### What this task involves
A partial copy is required: transcribe exactly the lines from the one containing "Mar. 31, 2012" through the last line below, without any pictures.

### Raw data
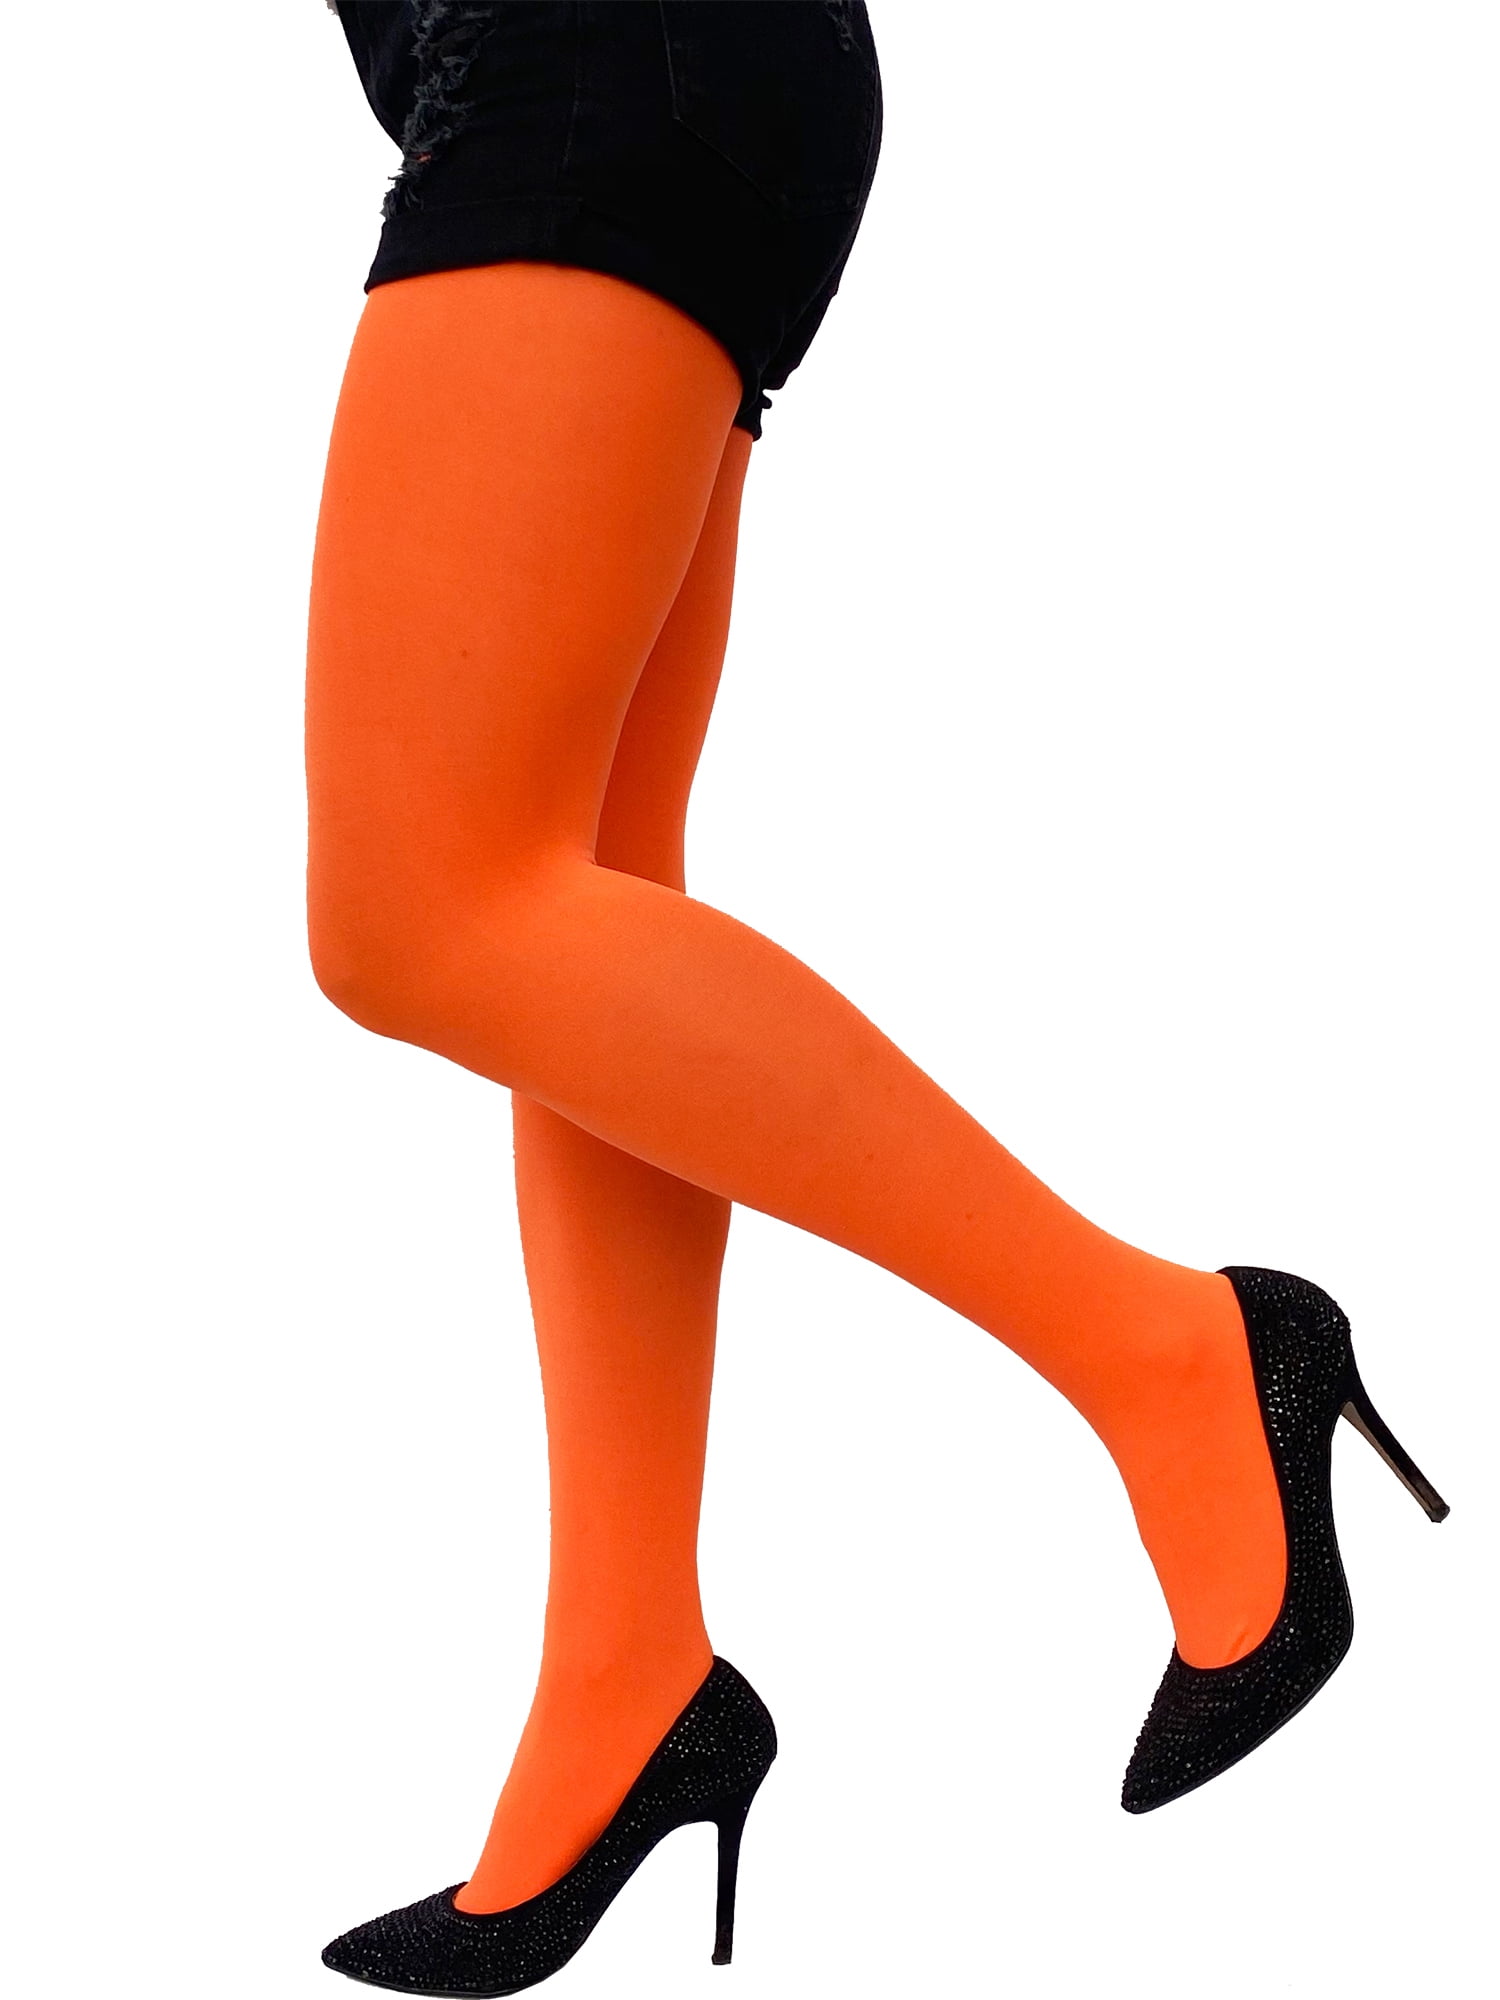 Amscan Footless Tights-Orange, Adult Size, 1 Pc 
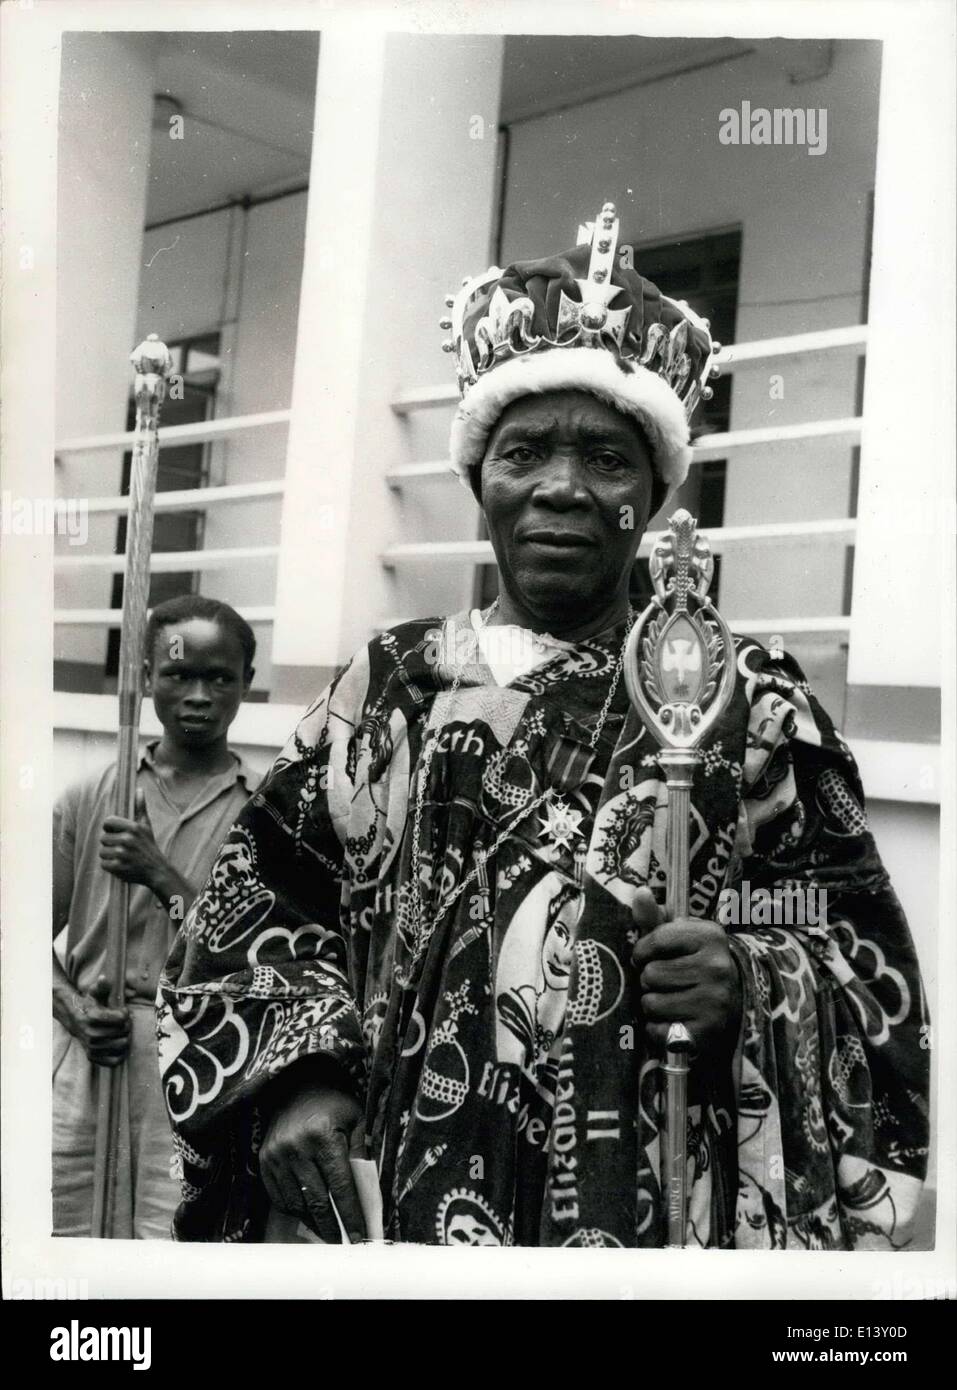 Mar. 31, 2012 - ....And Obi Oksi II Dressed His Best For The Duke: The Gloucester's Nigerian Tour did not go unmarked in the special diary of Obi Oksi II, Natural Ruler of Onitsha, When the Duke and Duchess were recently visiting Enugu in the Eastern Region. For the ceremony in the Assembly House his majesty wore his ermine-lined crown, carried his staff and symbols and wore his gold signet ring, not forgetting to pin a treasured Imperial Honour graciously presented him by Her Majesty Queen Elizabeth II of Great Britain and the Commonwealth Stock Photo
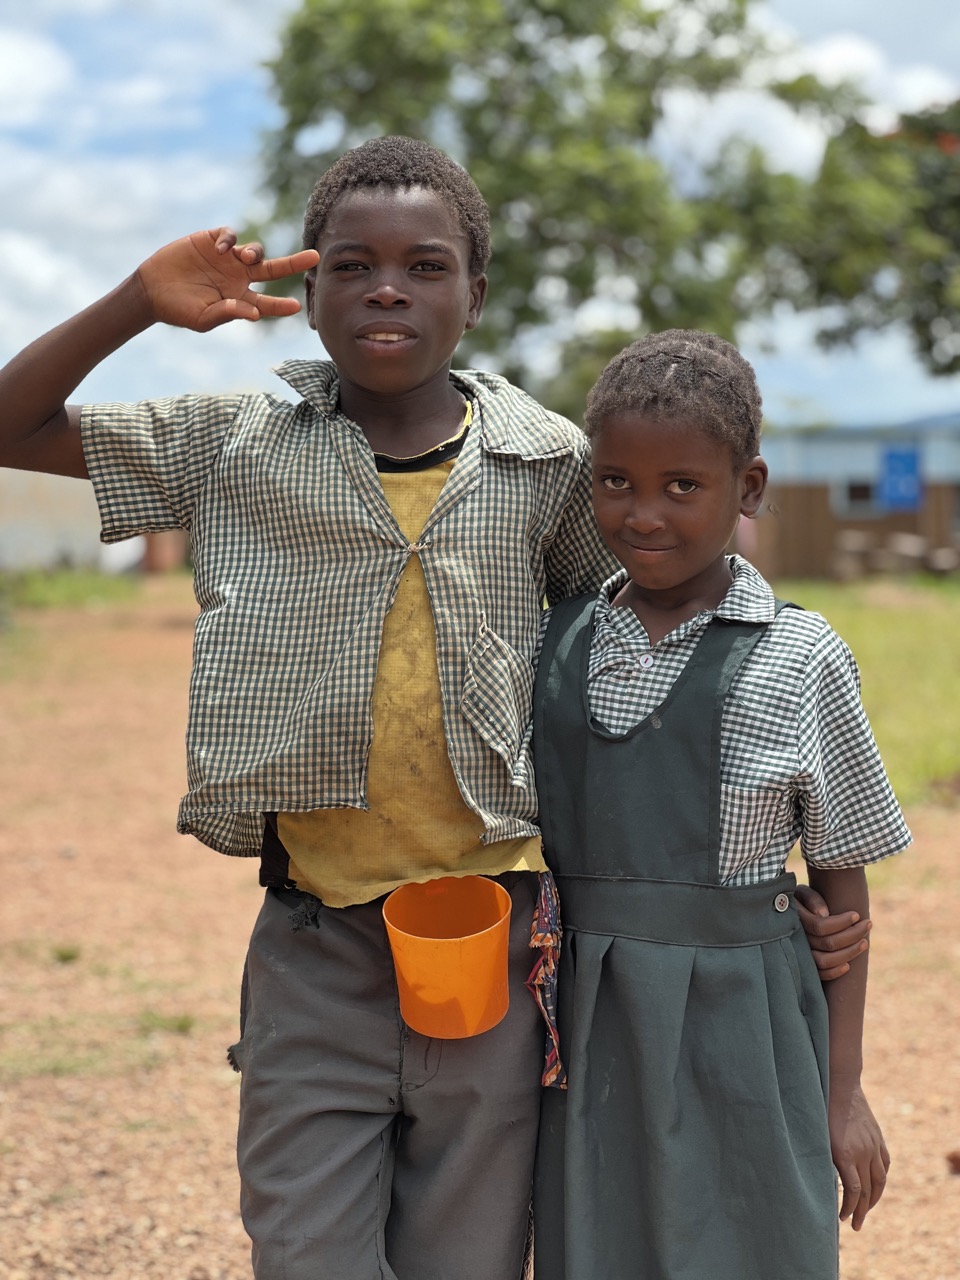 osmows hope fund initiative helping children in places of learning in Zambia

### Problem solution
 Mar. 31, 2012 - ....And Obi Oksi II Dressed His Best For The Duke: The Gloucester's Nigerian Tour did not go unmarked in the special diary of Obi Oksi II, Natural Ruler of Onitsha, When the Duke and Duchess were recently visiting Enugu in the Eastern Region. For the ceremony in the Assembly House his majesty wore his ermine-lined crown, carried his staff and symbols and wore his gold signet ring, not forgetting to pin a treasured Imperial Honour graciously presented him by Her Majesty Queen Elizabeth II of Great Britain and the Commonwealth Stock Photo
 osmows hope fund initiative helping children in places of learning in Zambia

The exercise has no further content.